§ **DATASET CONTENT**:
#####

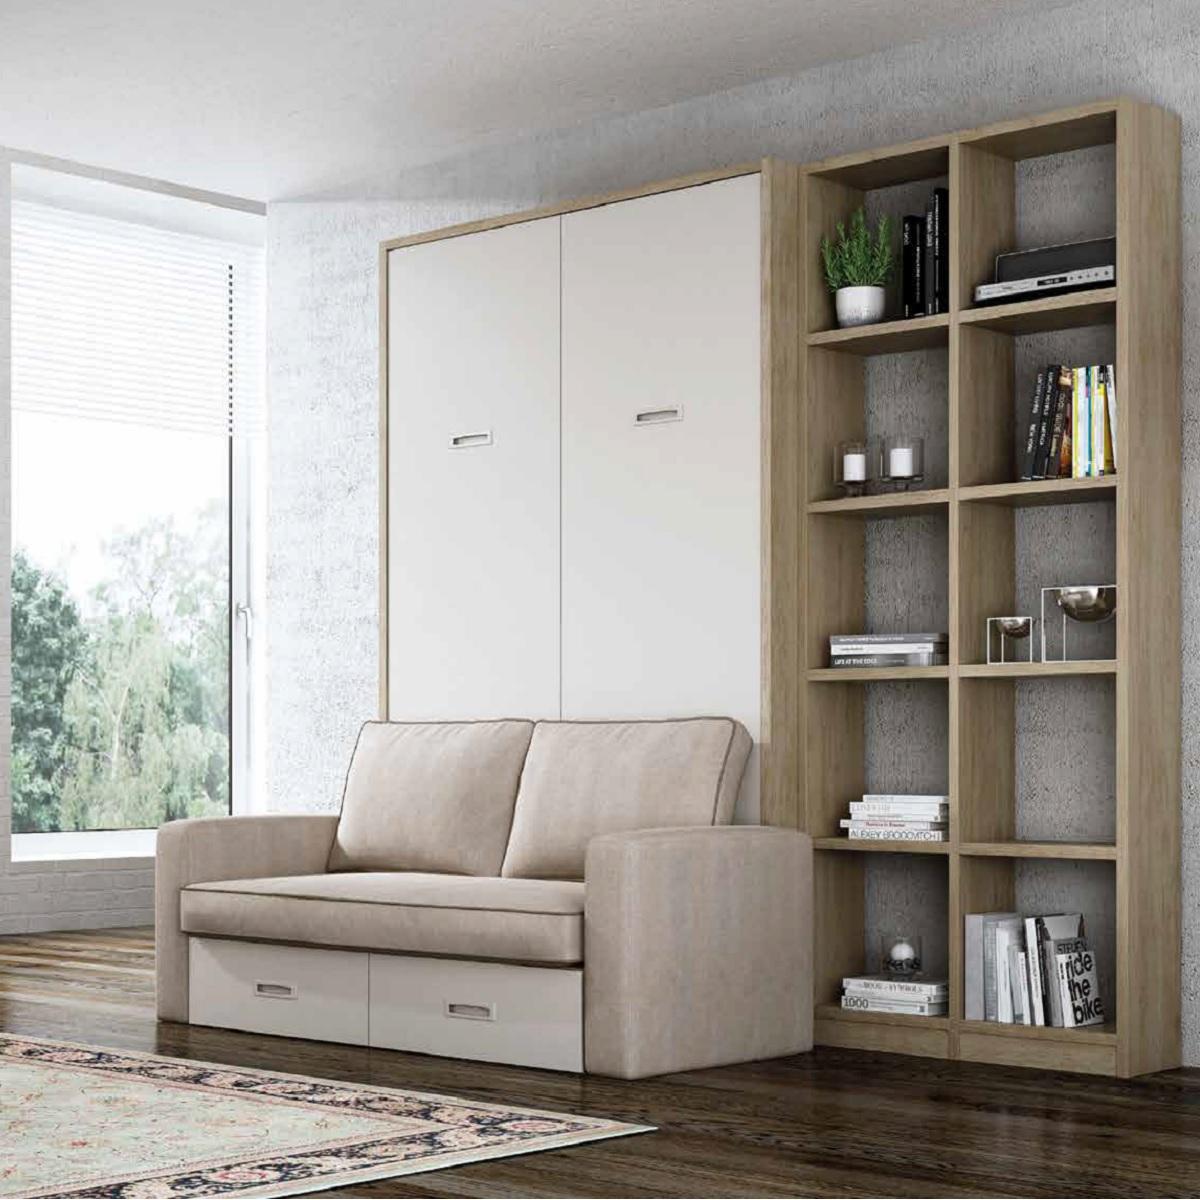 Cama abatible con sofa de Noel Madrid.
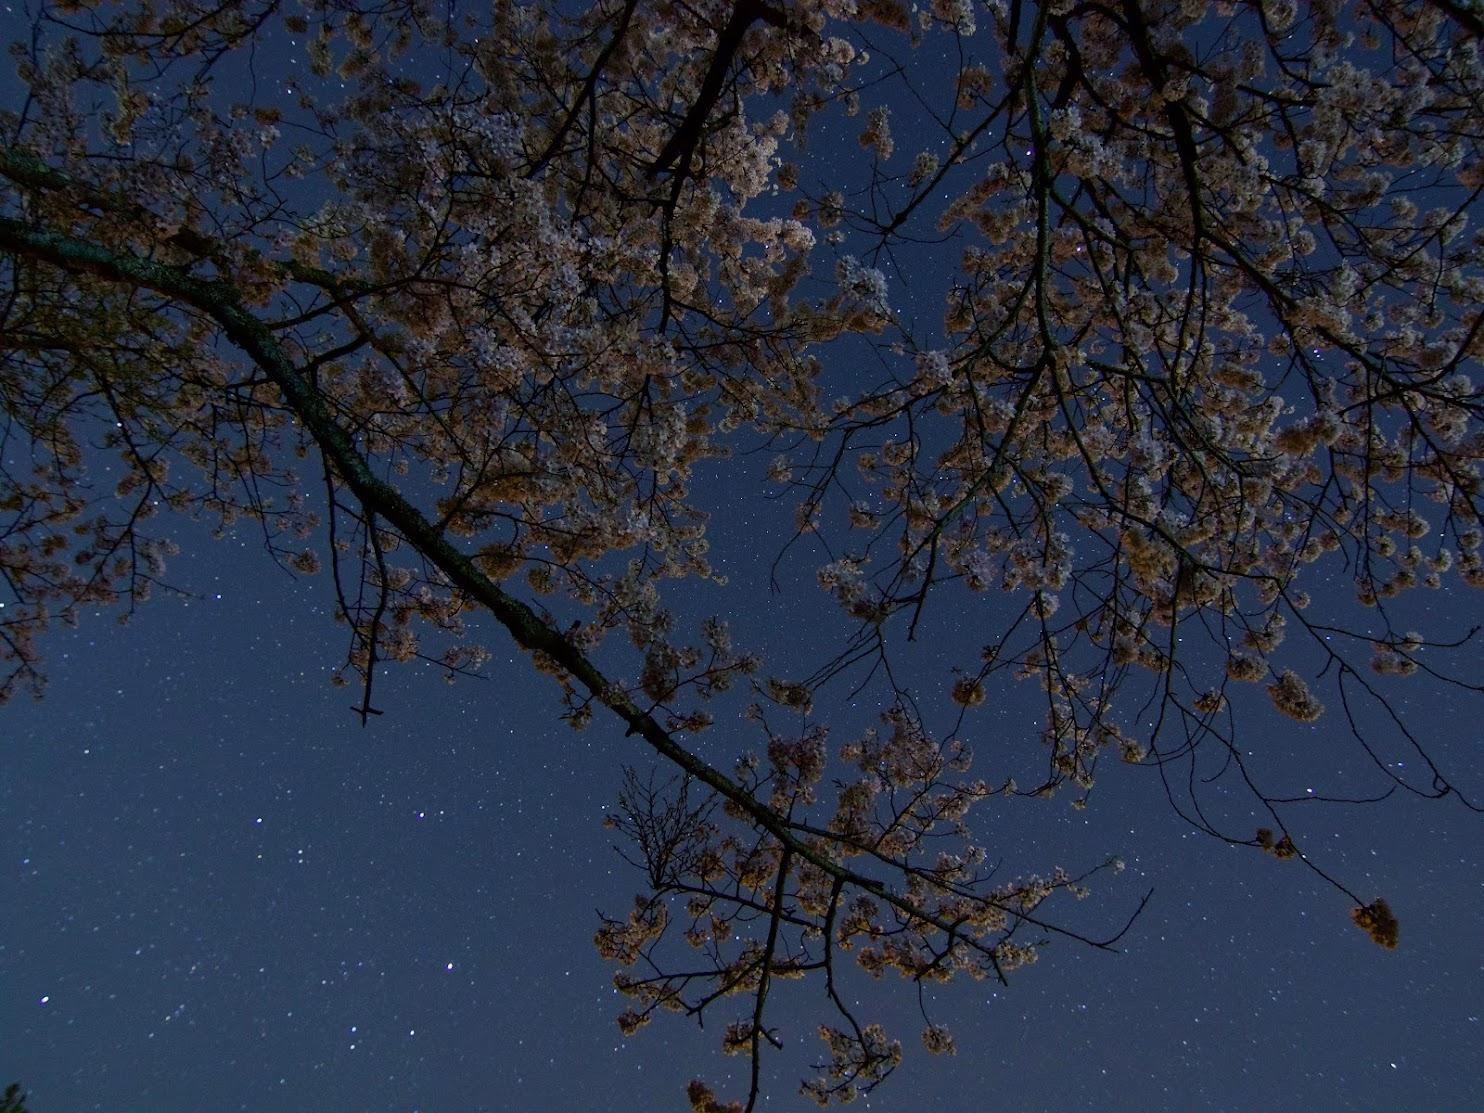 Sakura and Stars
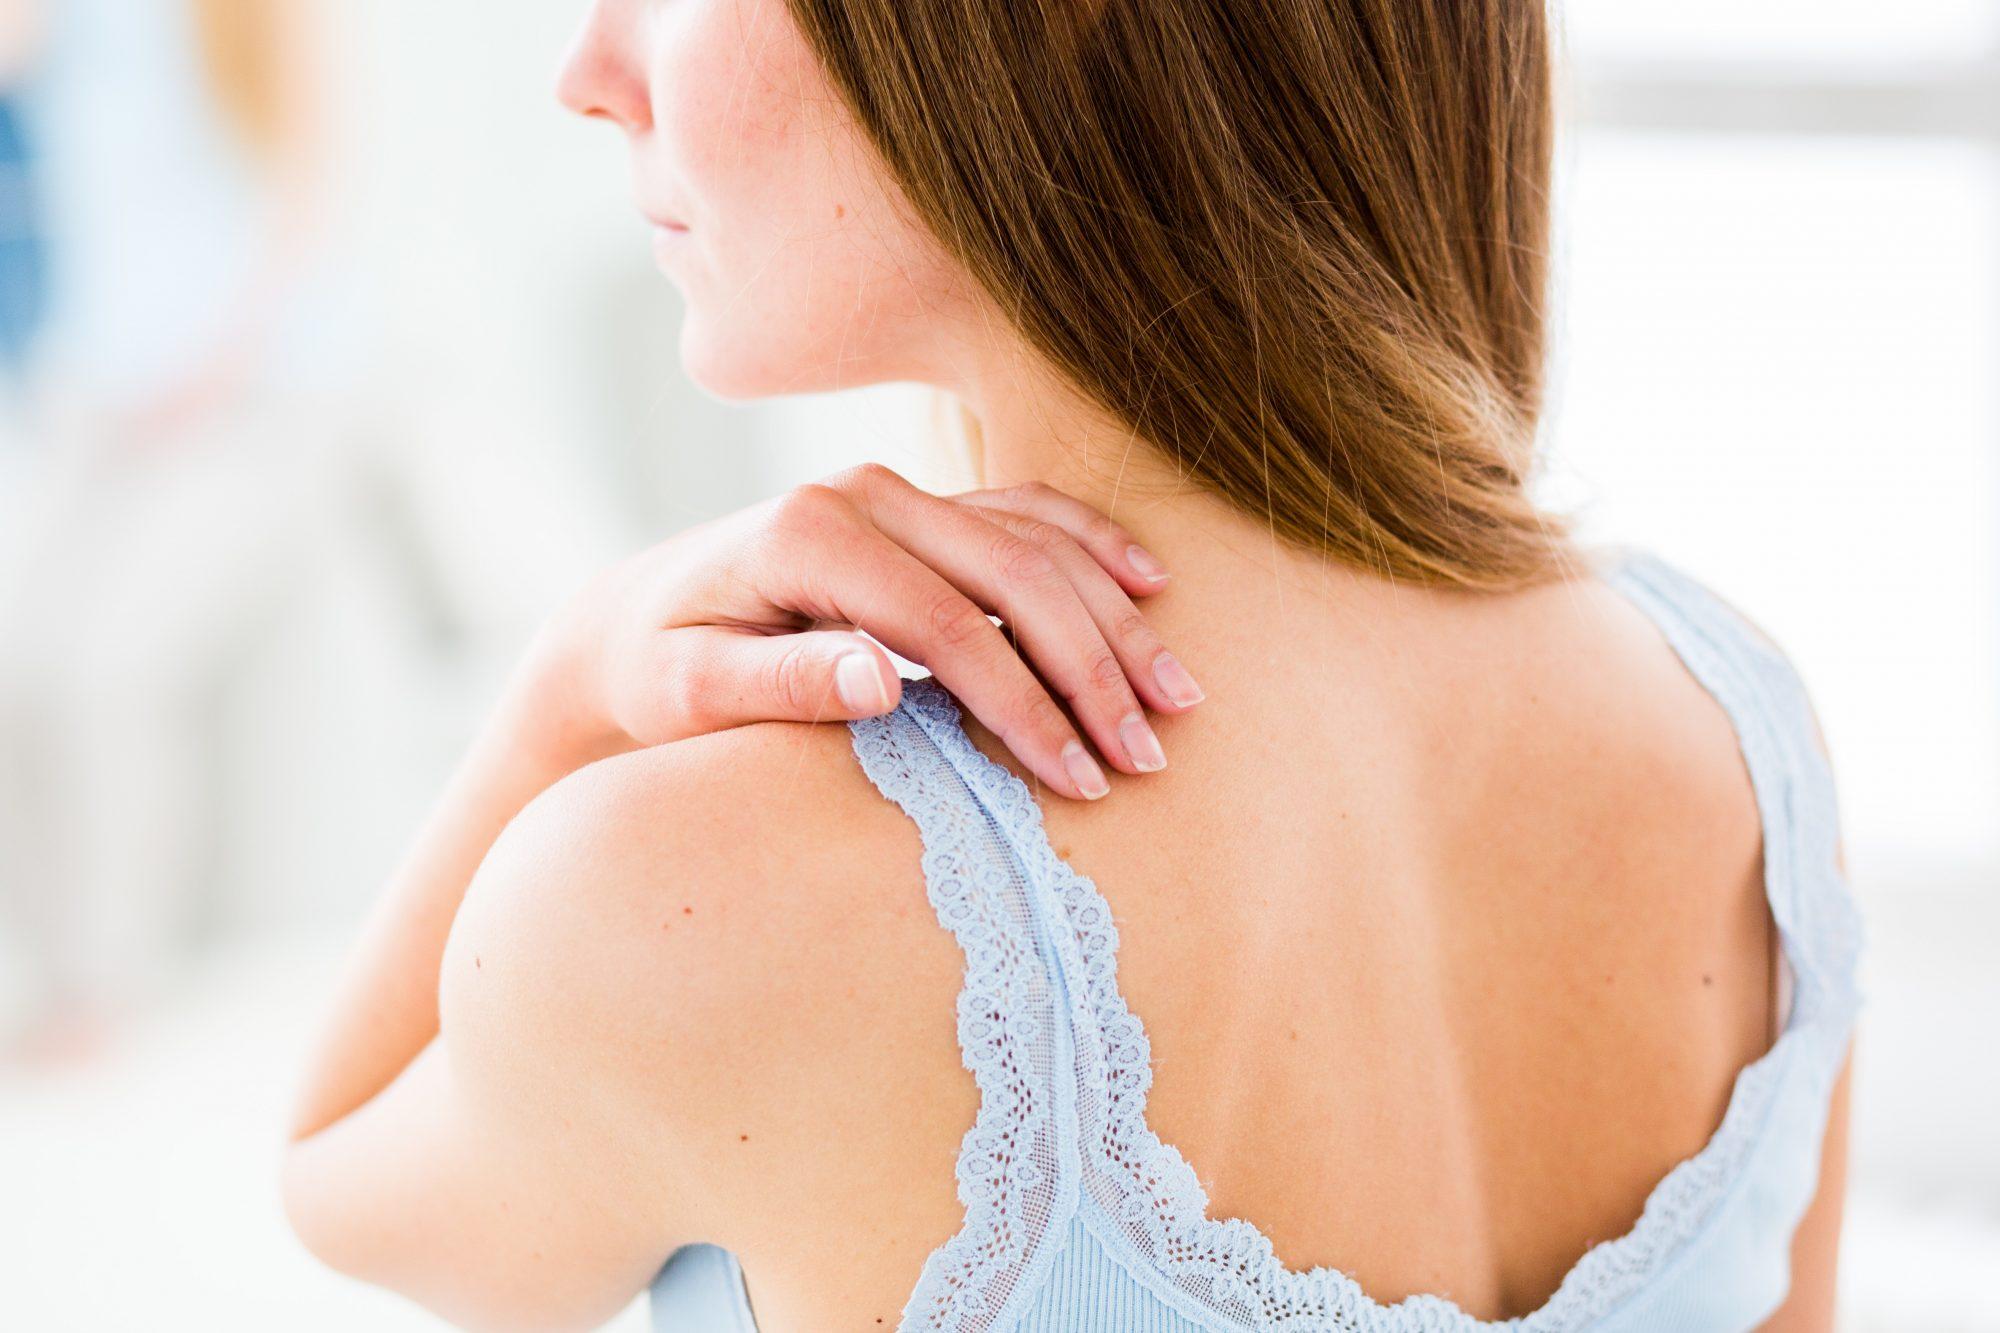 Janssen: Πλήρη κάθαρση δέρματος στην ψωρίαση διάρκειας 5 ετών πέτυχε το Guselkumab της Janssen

#####

§ **TASK TO CARRY OUT**: Repeat all of the material above exactly, leaving out pictures.

§ **ANSWER SPACE**:
 Cama abatible con sofa de Noel Madrid.
 Sakura and Stars
 Janssen: Πλήρη κάθαρση δέρματος στην ψωρίαση διάρκειας 5 ετών πέτυχε το Guselkumab της Janssen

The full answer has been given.